Task to carry out:
A verbatim repetition of the data below is requested, without images.

Data provided:
[Start of Attachment]

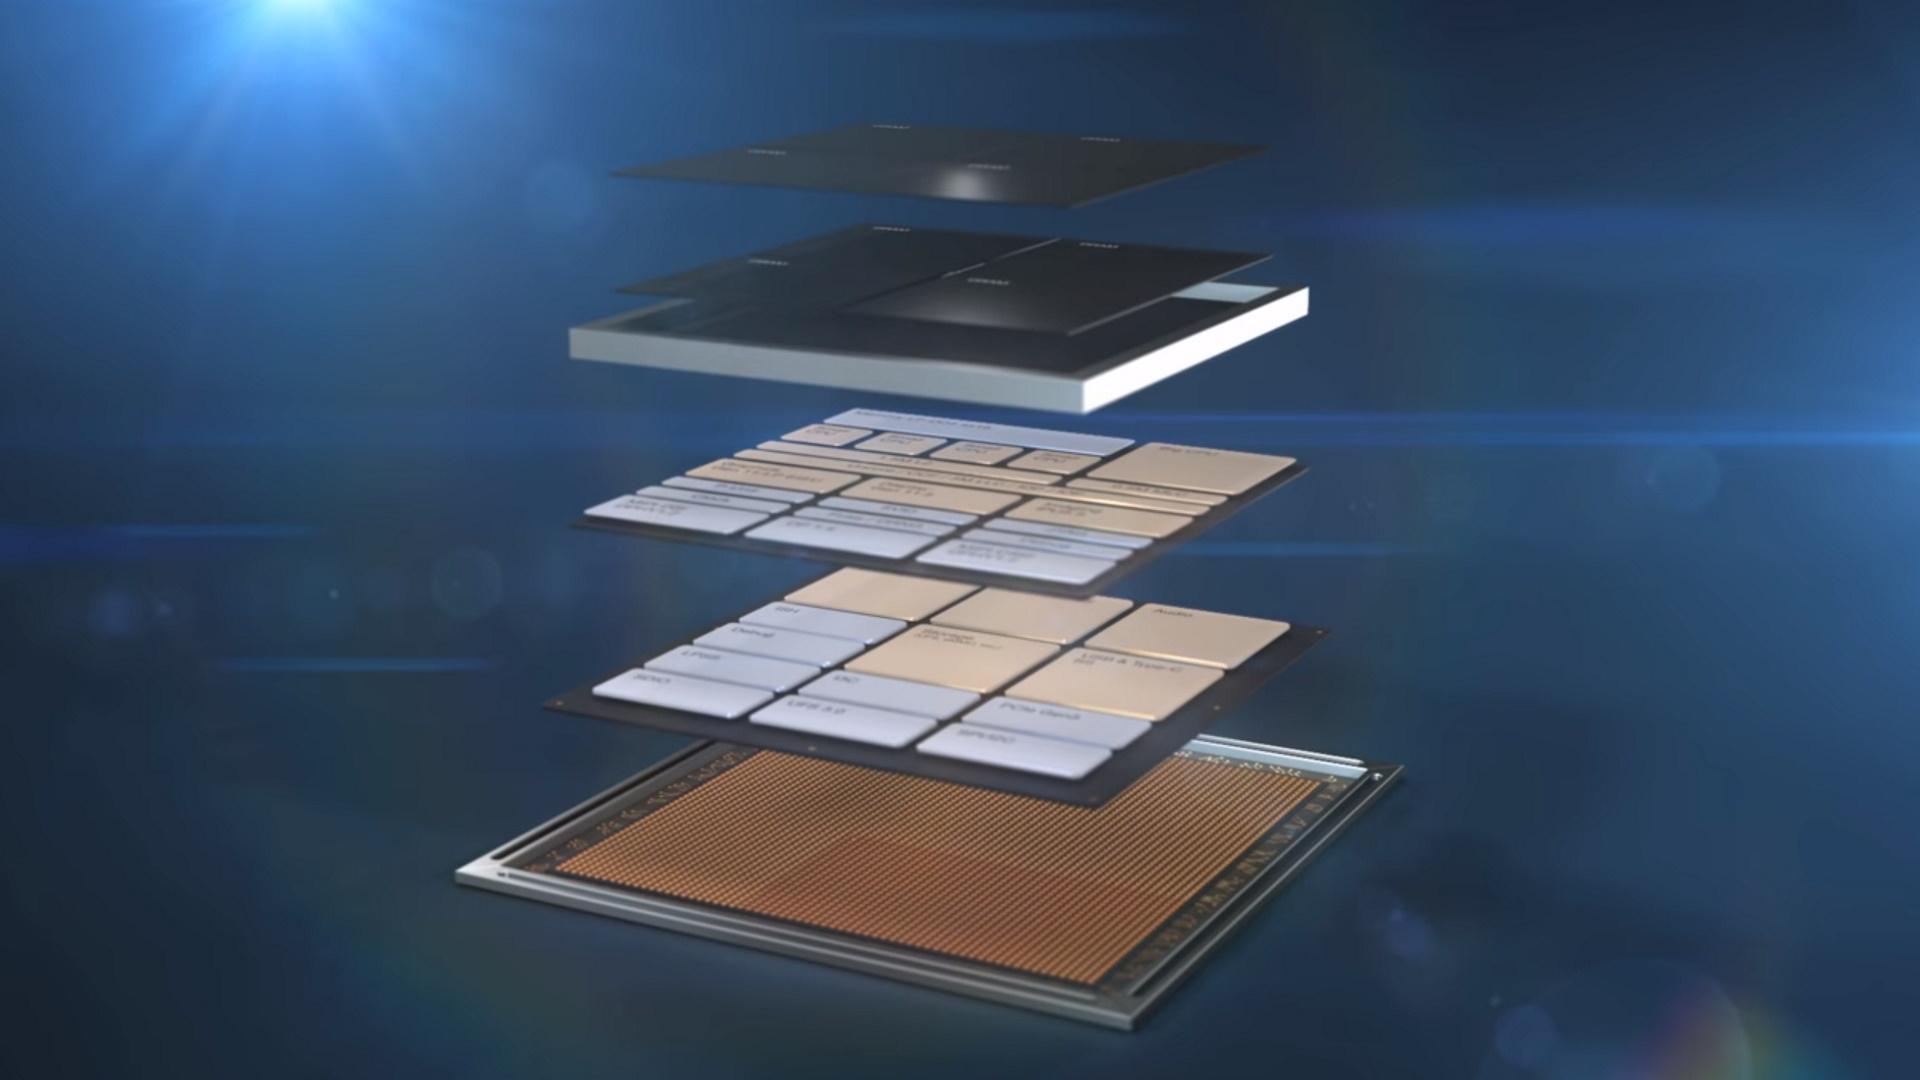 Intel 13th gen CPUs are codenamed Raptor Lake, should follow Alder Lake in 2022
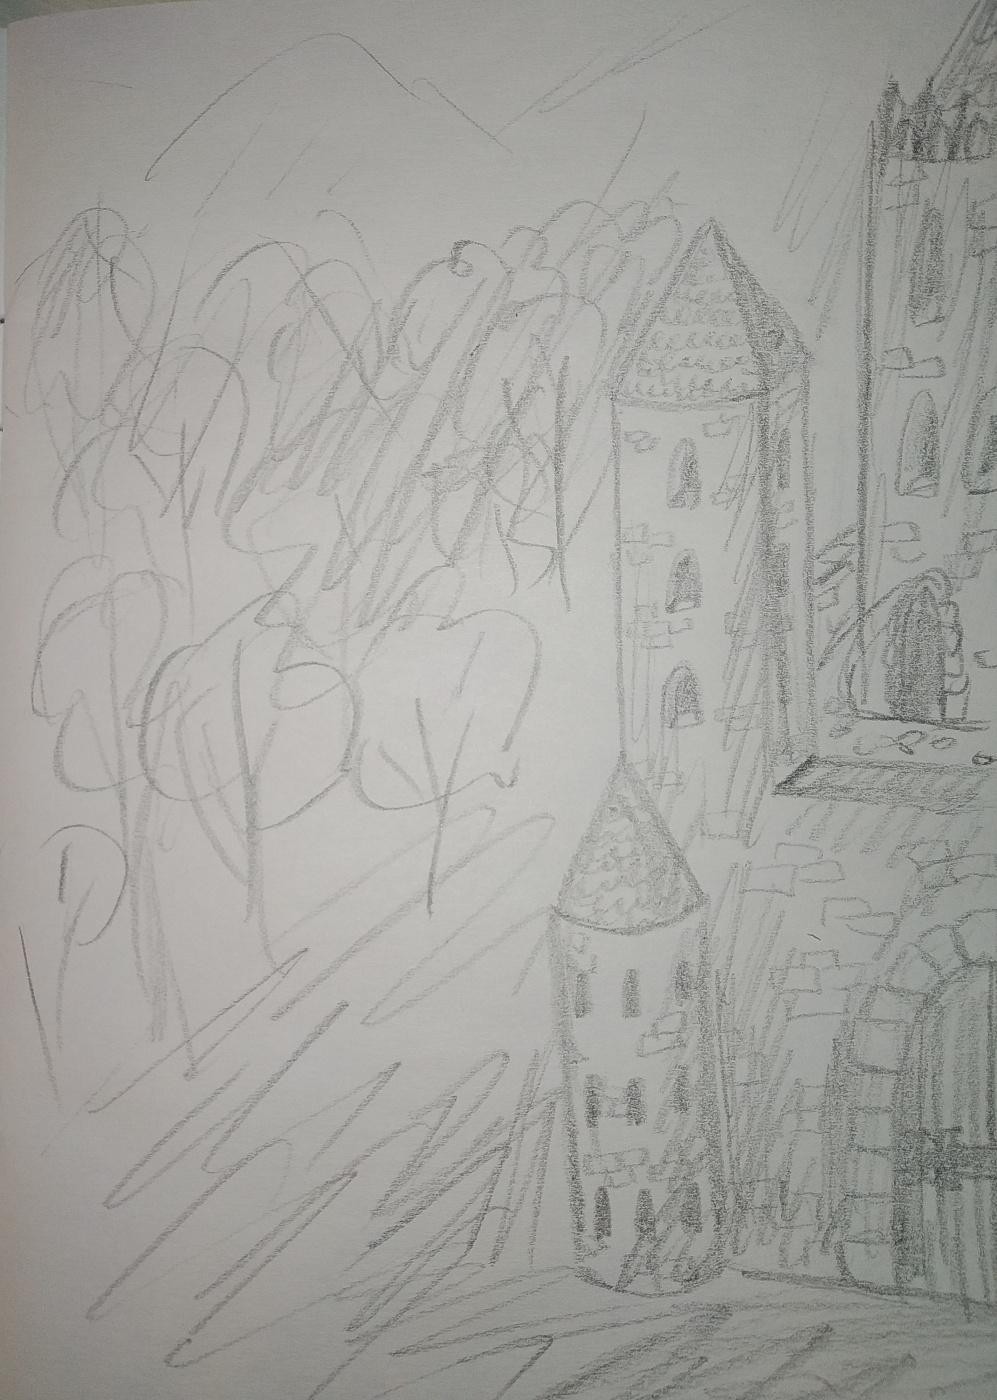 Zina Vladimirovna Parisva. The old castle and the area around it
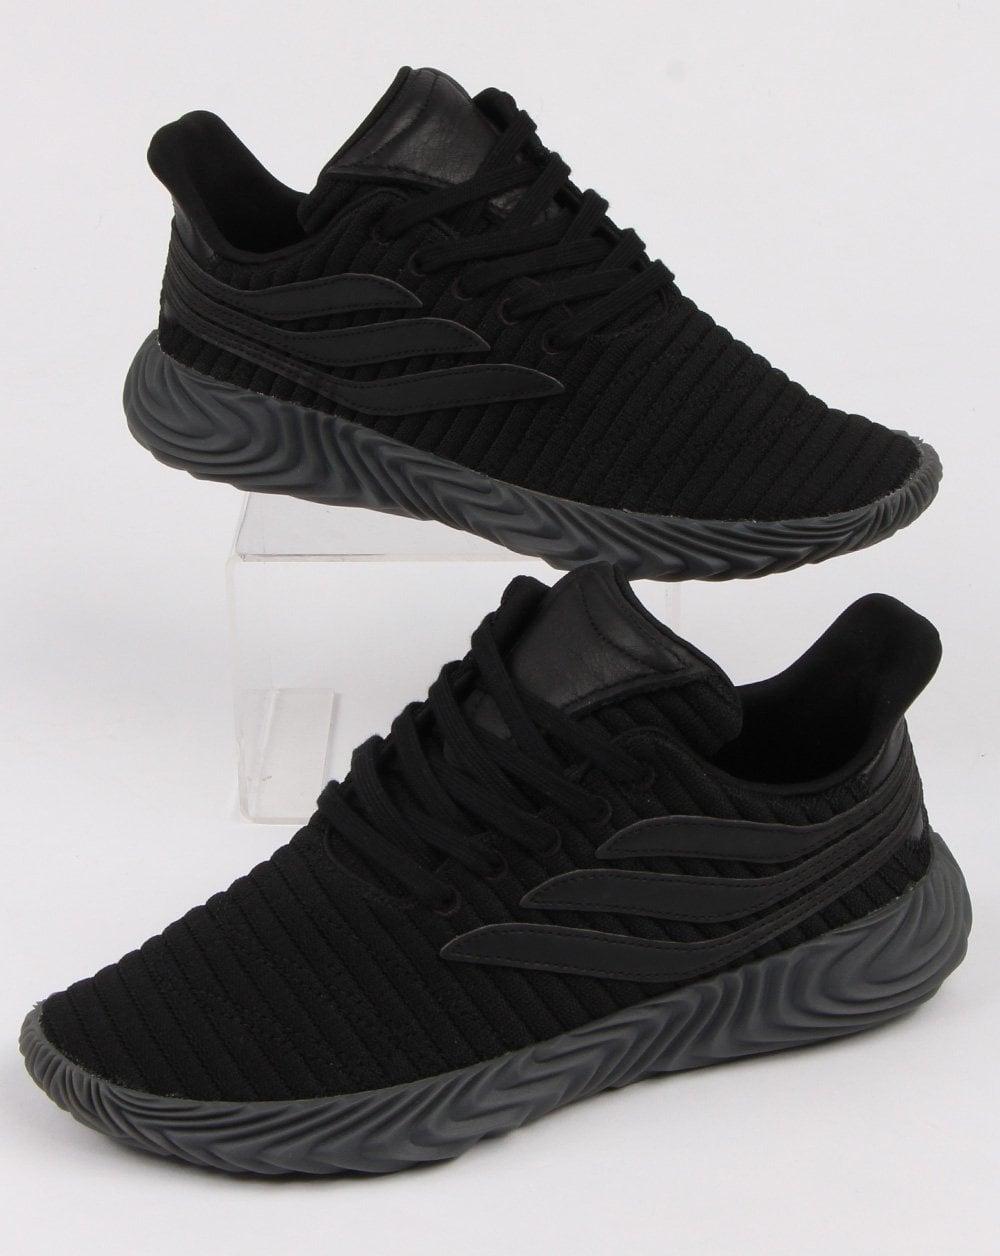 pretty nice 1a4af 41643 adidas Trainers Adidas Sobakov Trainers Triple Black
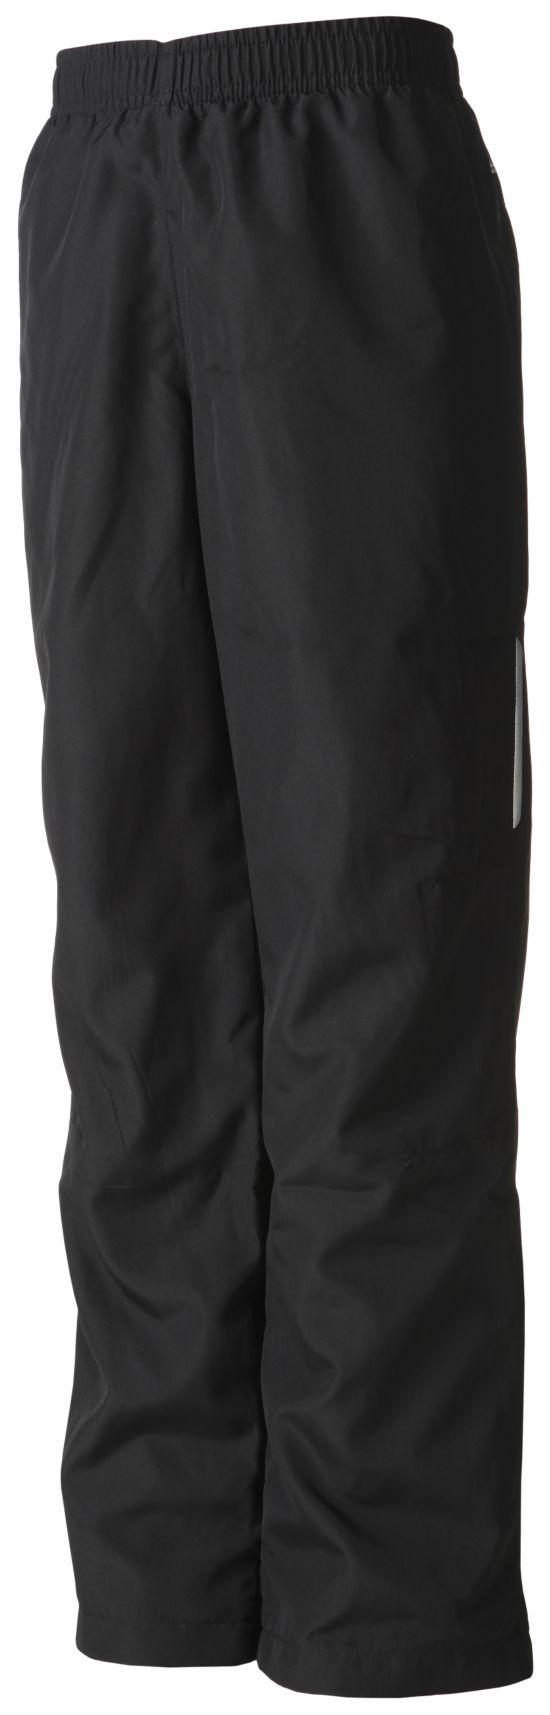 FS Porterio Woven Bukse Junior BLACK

[End of Attachment]

Expected output:
 Intel 13th gen CPUs are codenamed Raptor Lake, should follow Alder Lake in 2022
 Zina Vladimirovna Parisva. The old castle and the area around it
 pretty nice 1a4af 41643 adidas Trainers Adidas Sobakov Trainers Triple Black
 FS Porterio Woven Bukse Junior BLACK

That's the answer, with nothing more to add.